6. A set of wedges according to claim 1, wherein the radii of the top edges of the grooves vary from wedge to wedge, with the radii of the top edges decreasing with increasing loft.

7. A set of wedges according to claim 6, wherein the surface roughness of said surfaces increases from wedge to wedge with increasing loft.

8. A set of wedges according to claim 1, wherein the surface roughness of said surfaces increases from wedge to wedge with increasing loft.

9. A set of wedges according to claim 1, wherein each of the said surfaces is provided in the form of an insert which is secured to the club head.

10. A set of wedges according to claim 1, wherein each of said wedges includes a shaft with the length of the shafts decreasing with increasing loft.

11. A set of at least three golf wedges having club heads of progressively increasing lofts, each of the club heads having a surface for striking a golf ball, with each surface including a series of grooves, the surfaces having frictional characteristics which increase with club loft, wherein the frictional characteristics are controlled by varying at least one of groove shape, groove spacing, and groove edge sharpness, the change in frictional characteristics being selected so that the back spin imparted to a golf ball when struck with equal force by each one of the wedges is substantially the same.

12. A set of wedges according to claim 11, wherein the shape of the grooves varies from wedge to wedge, with the sides of the grooves becoming progressively steeper with increasing loft.

13. A set of wedges according to claim 12, wherein the surface roughness of said surfaces increases from wedge to wedge with increasing loft.

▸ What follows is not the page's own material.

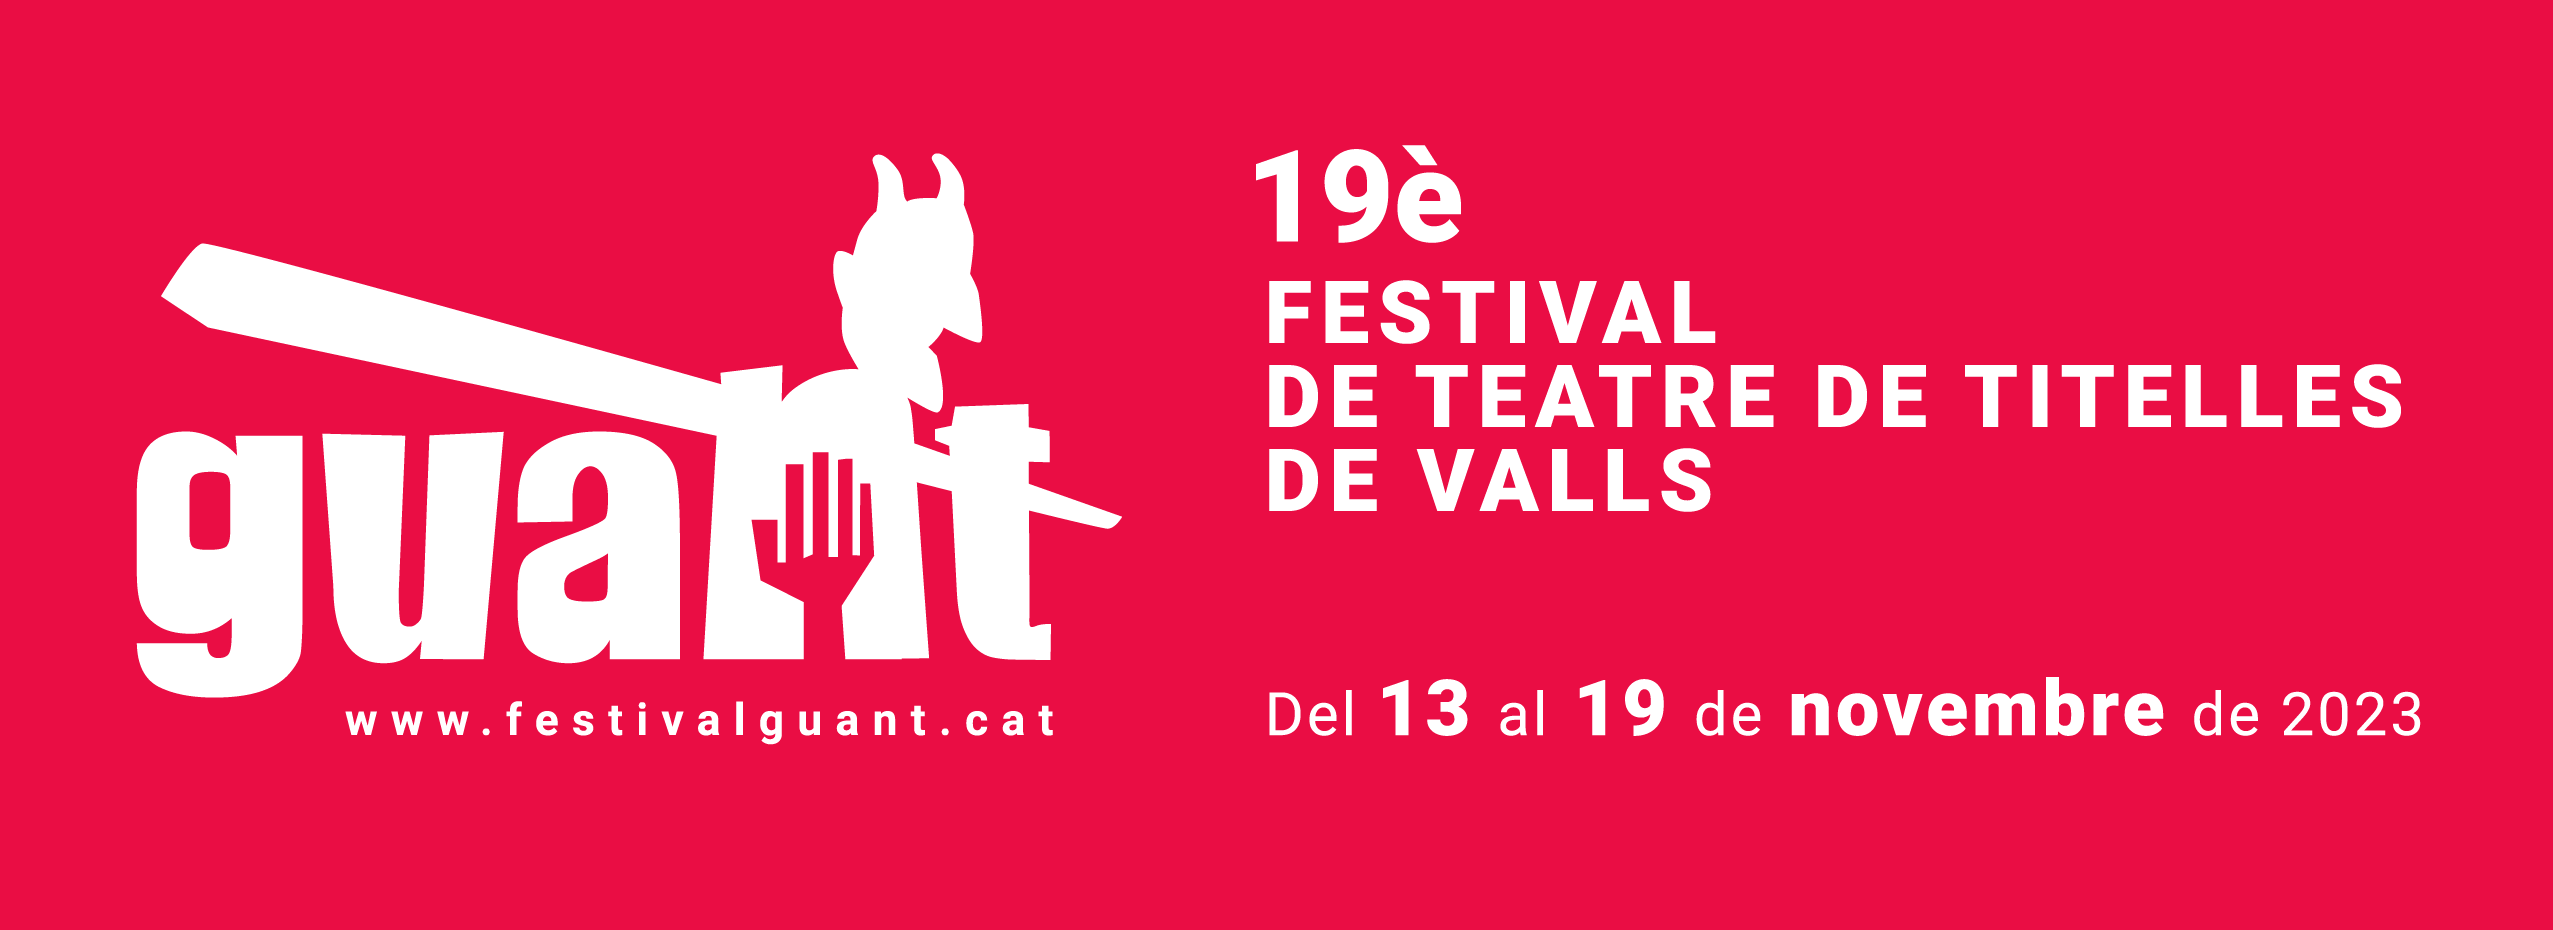 19è Festival internacional de teatre de titelles de Valls | ROIG PÈL-BOIG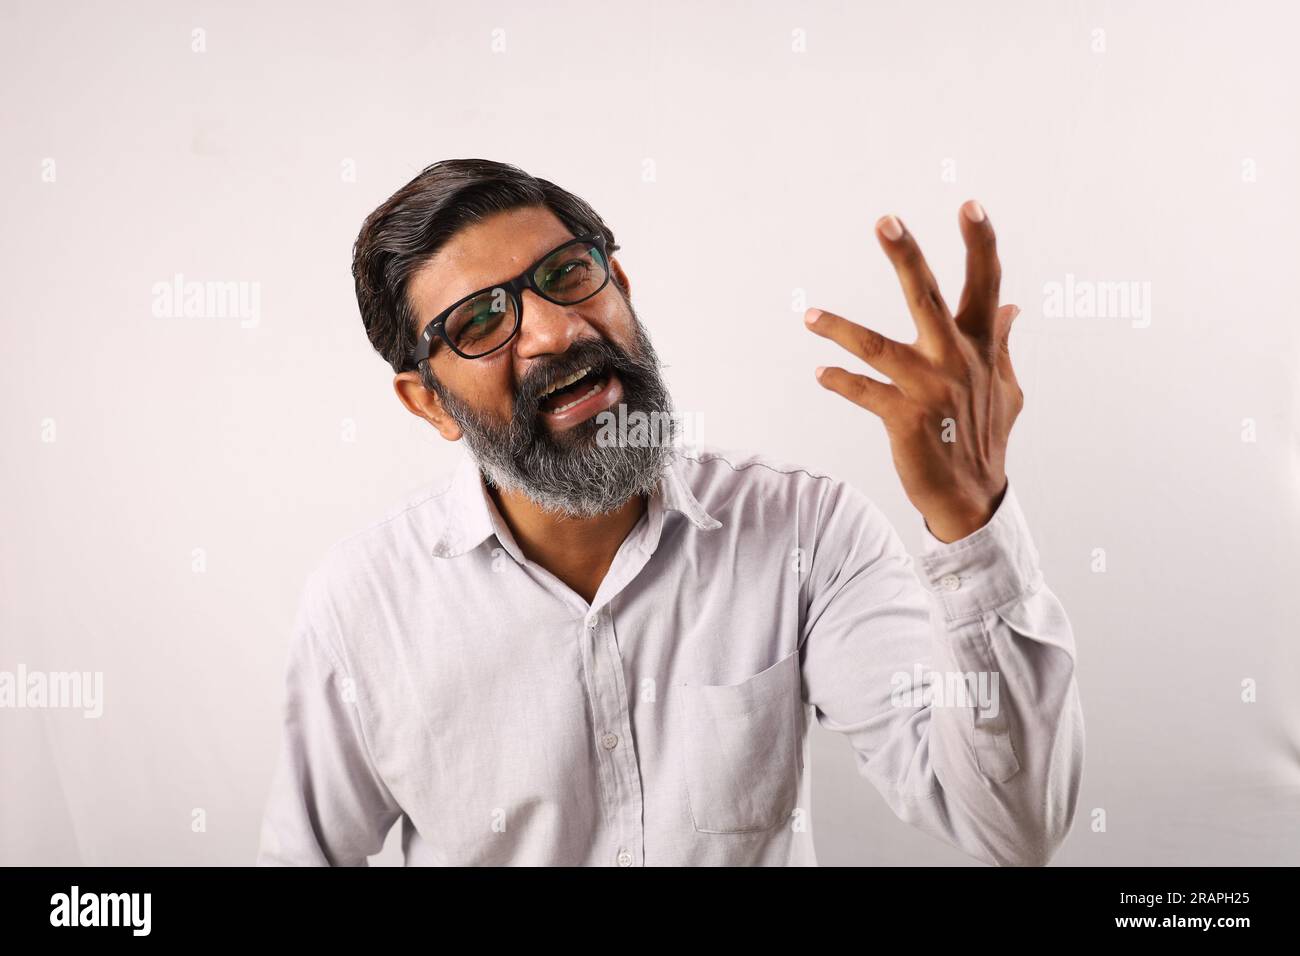 Ritratto di un uomo barbato indiano che indossa una camicia. Espressioni funky che ritraggono il senso di realizzazione e di realizzazione. Sentirsi fieri di eseguire le cose. Foto Stock

14. A set of wedges according to claim 11, wherein the radii of the top edges of the grooves vary from wedge to wedge, with the radii of the top edges decreasing with increasing loft.

15. A set of wedges according to claim 14, wherein the surface roughness of said surfaces increases from wedge to wedge with increasing loft.

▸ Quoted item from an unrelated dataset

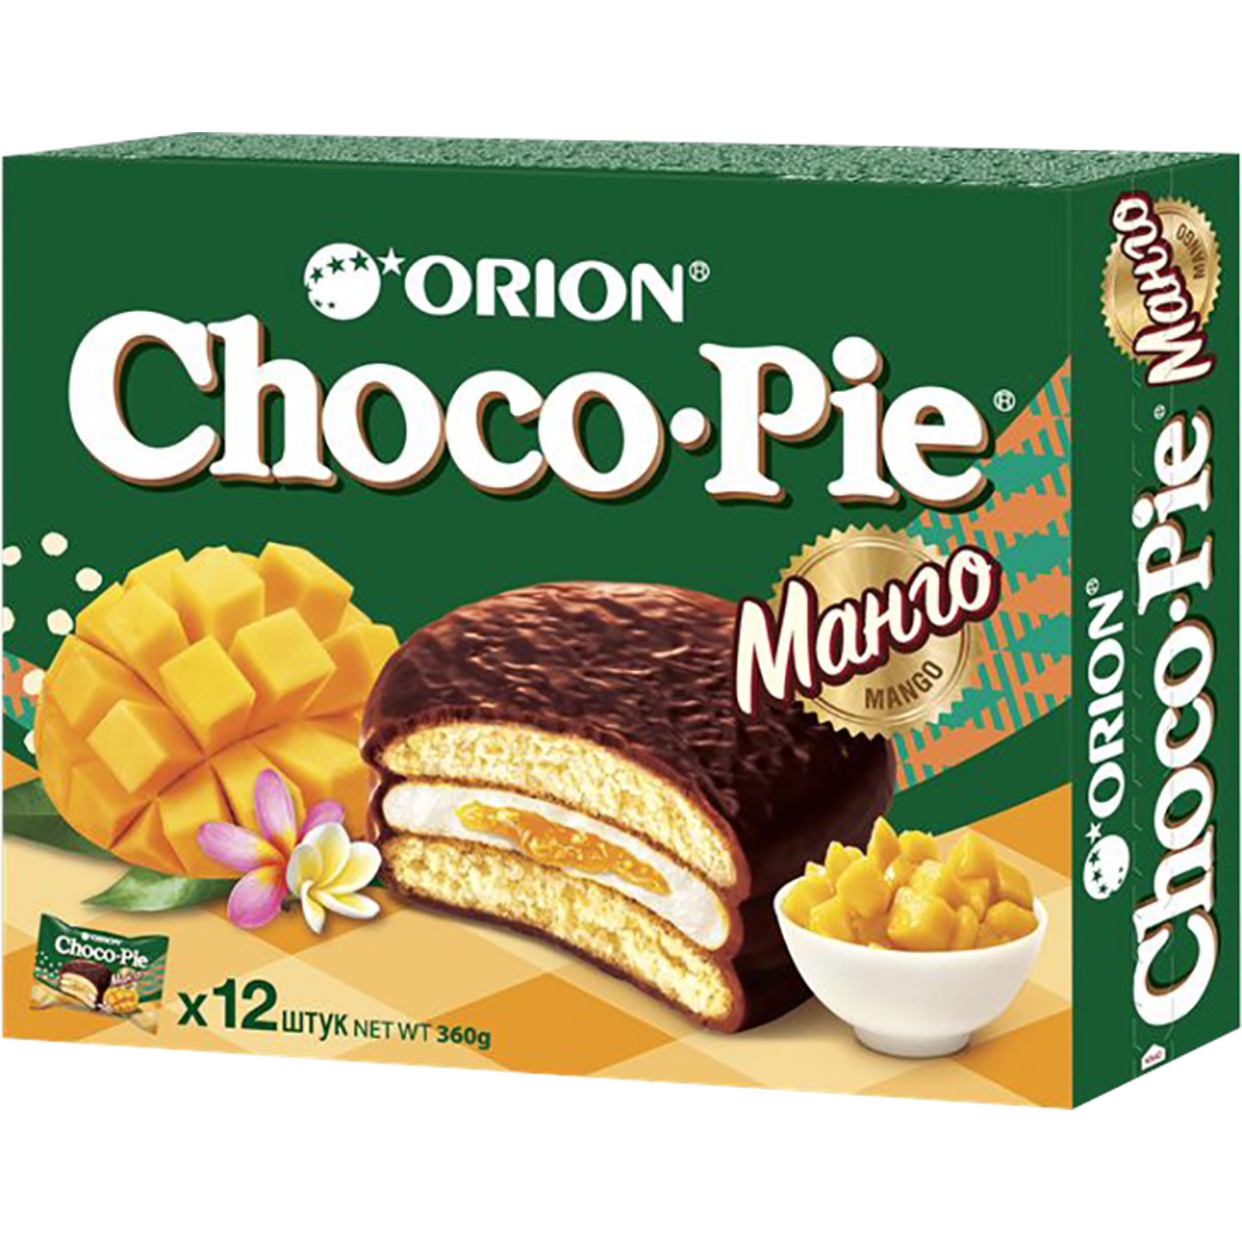 Мучное кондитерское изделие в глазури «Choco Pie Mango» («Чоко Пай Манго») 360г по акции в Пятерочке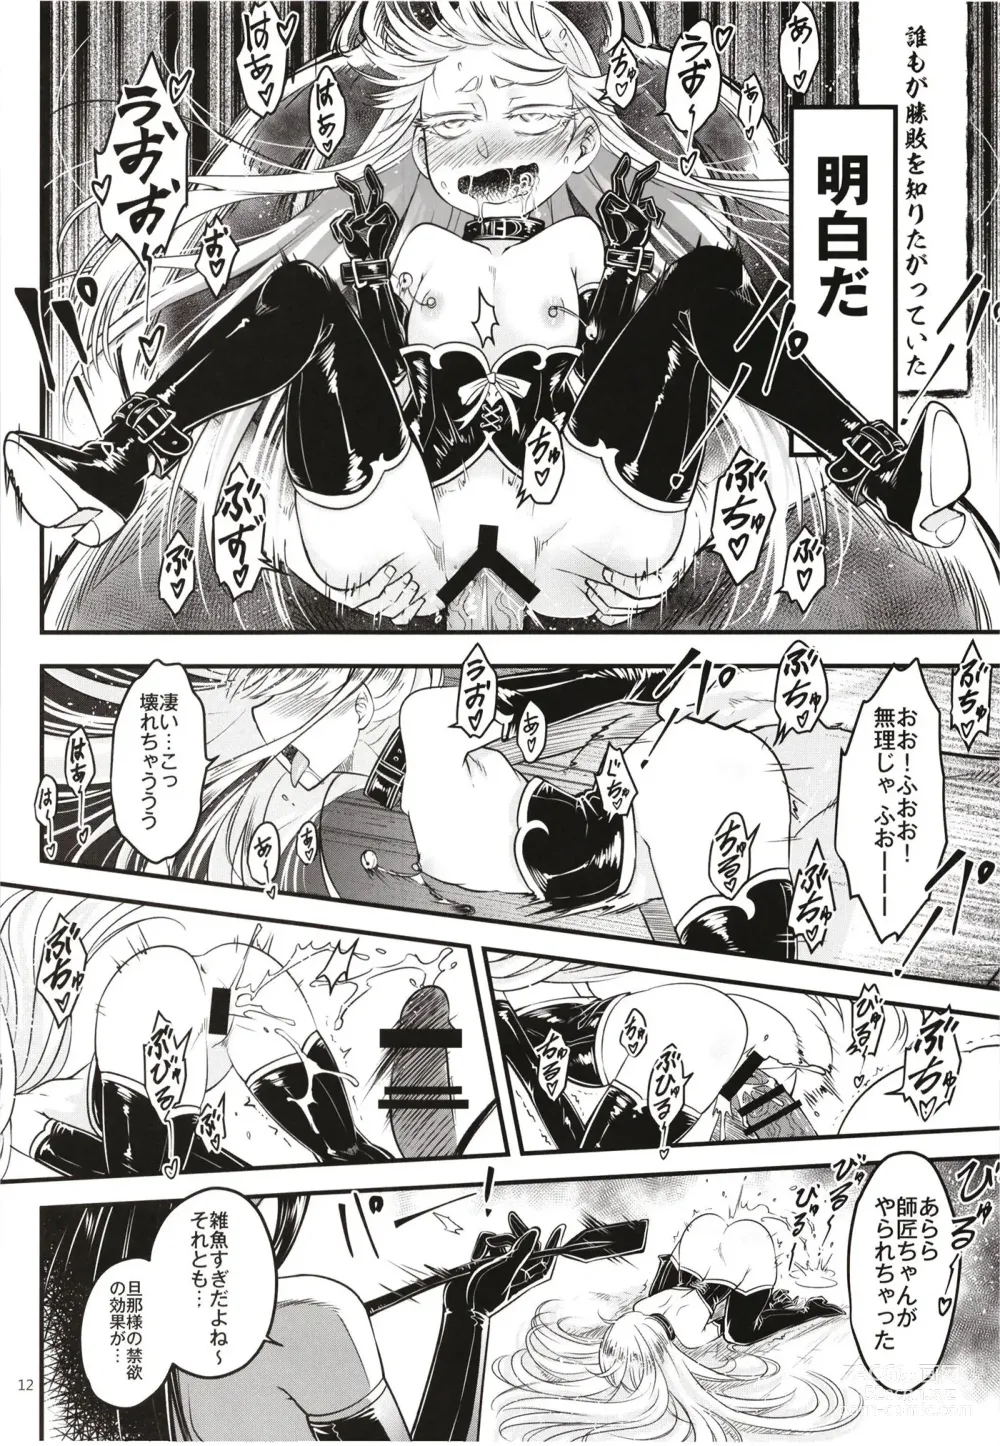 Page 14 of doujinshi Hyakkasou 12 <<Jitsuroku Makyou Hyakkasou Kikou>>

16. A set of wedges according to claim 11–14, wherein the surface roughness of said surfaces increases from wedge to wedge with increasing loft.

17. A set of wedges according to claim 11, wherein each of said wedges includes a shaft with the length and stiffness of the shafts decreasing with increasing loft.

18. A set of wedges according to claim 17, wherein the radii of the top edges of the grooves vary from wedge to wedge, with the radii of the top edges decreasing with increasing loft.